- The problem
Set down exactly the lines below, starting at the one that contains "perbedaan harga hosting" and ending at the one that contains "Botas Vaqueras TM-WD0154 - Western Boots", with both of those lines included and nothing else.

- Raw data
※

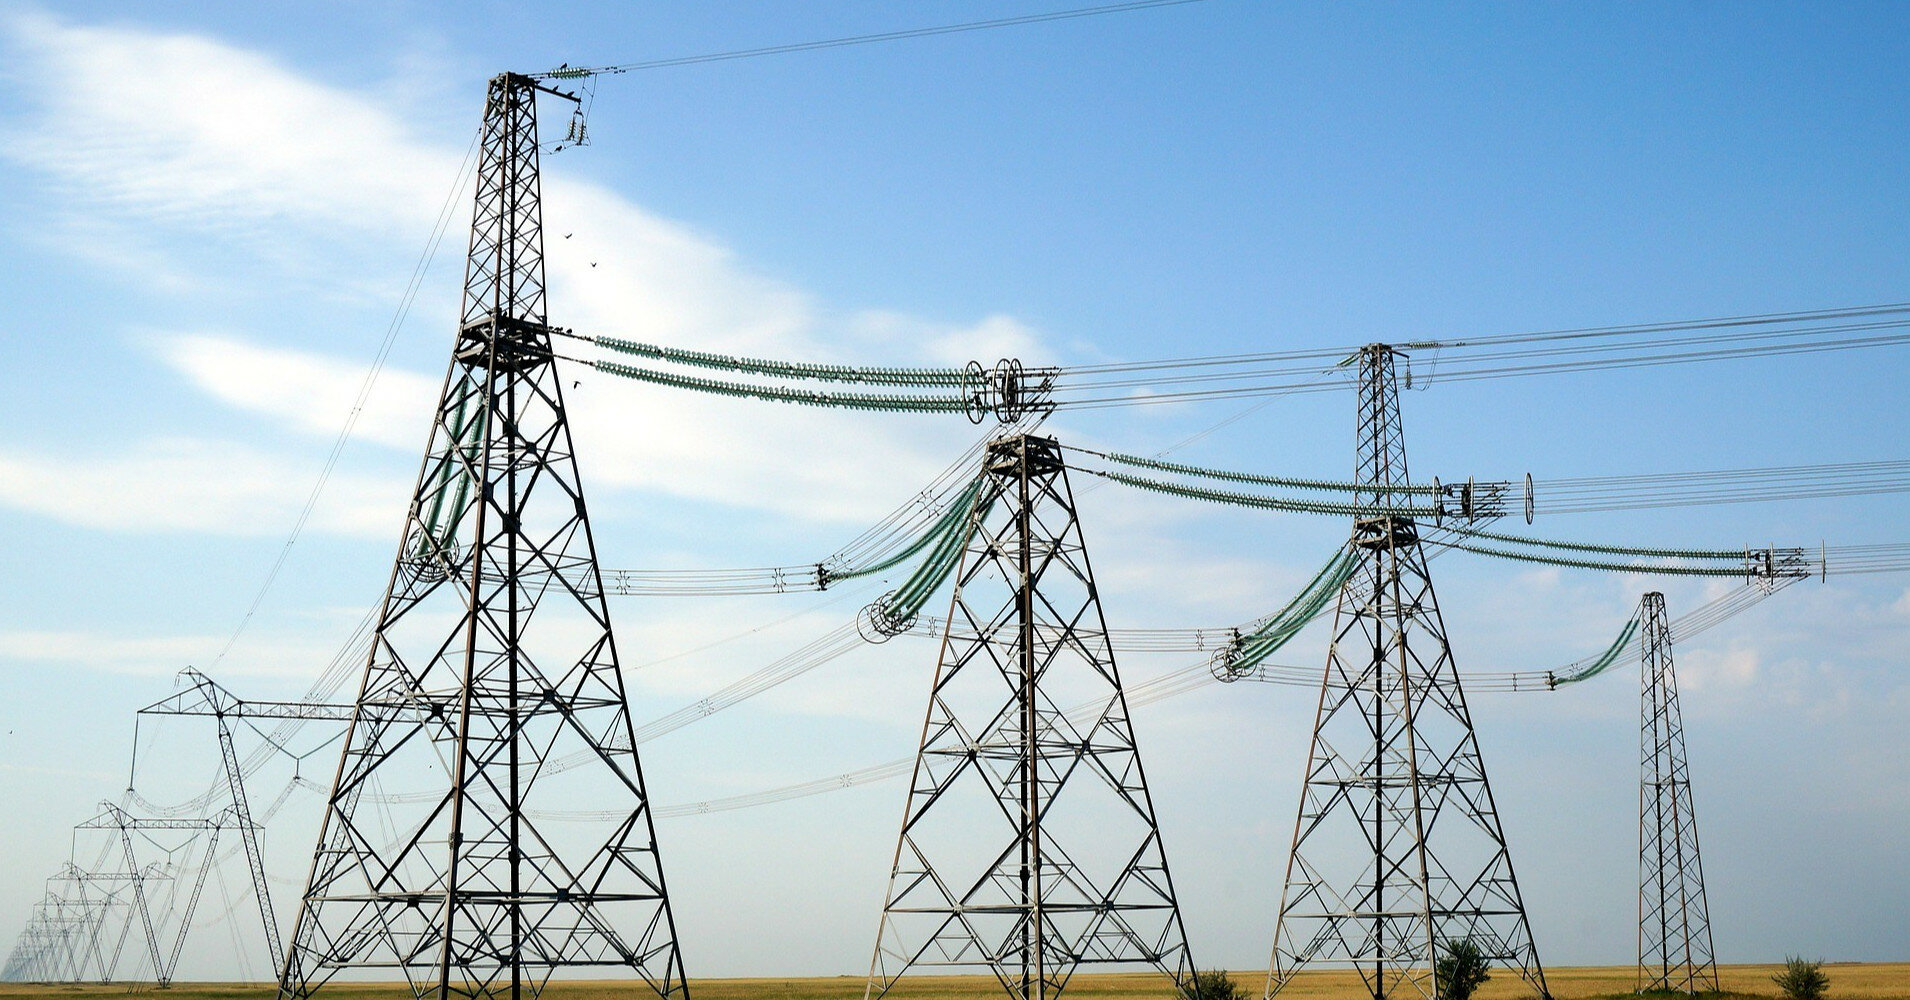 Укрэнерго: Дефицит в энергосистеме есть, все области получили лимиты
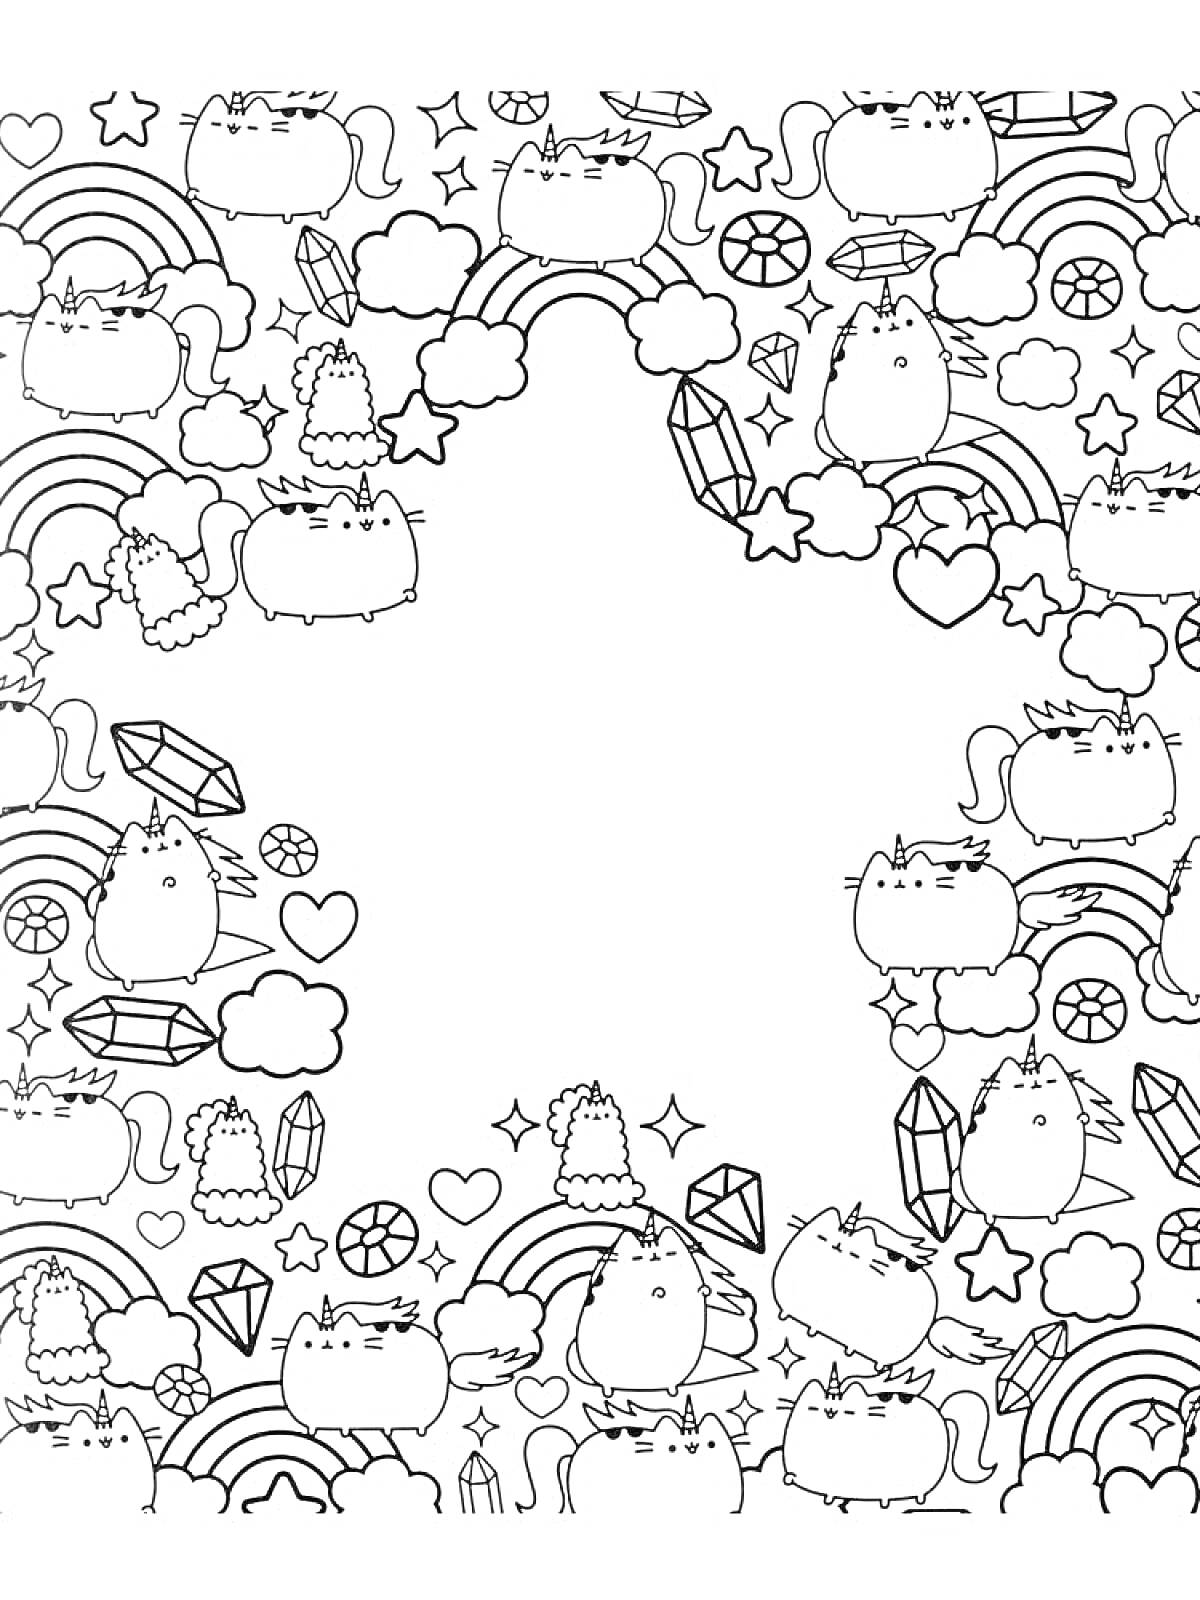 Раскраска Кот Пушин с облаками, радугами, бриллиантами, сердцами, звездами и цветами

※

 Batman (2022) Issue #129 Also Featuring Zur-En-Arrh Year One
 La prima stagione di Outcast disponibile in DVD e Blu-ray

※

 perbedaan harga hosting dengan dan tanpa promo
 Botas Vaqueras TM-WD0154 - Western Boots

※

- Output for this task
 perbedaan harga hosting dengan dan tanpa promo
 Botas Vaqueras TM-WD0154 - Western Boots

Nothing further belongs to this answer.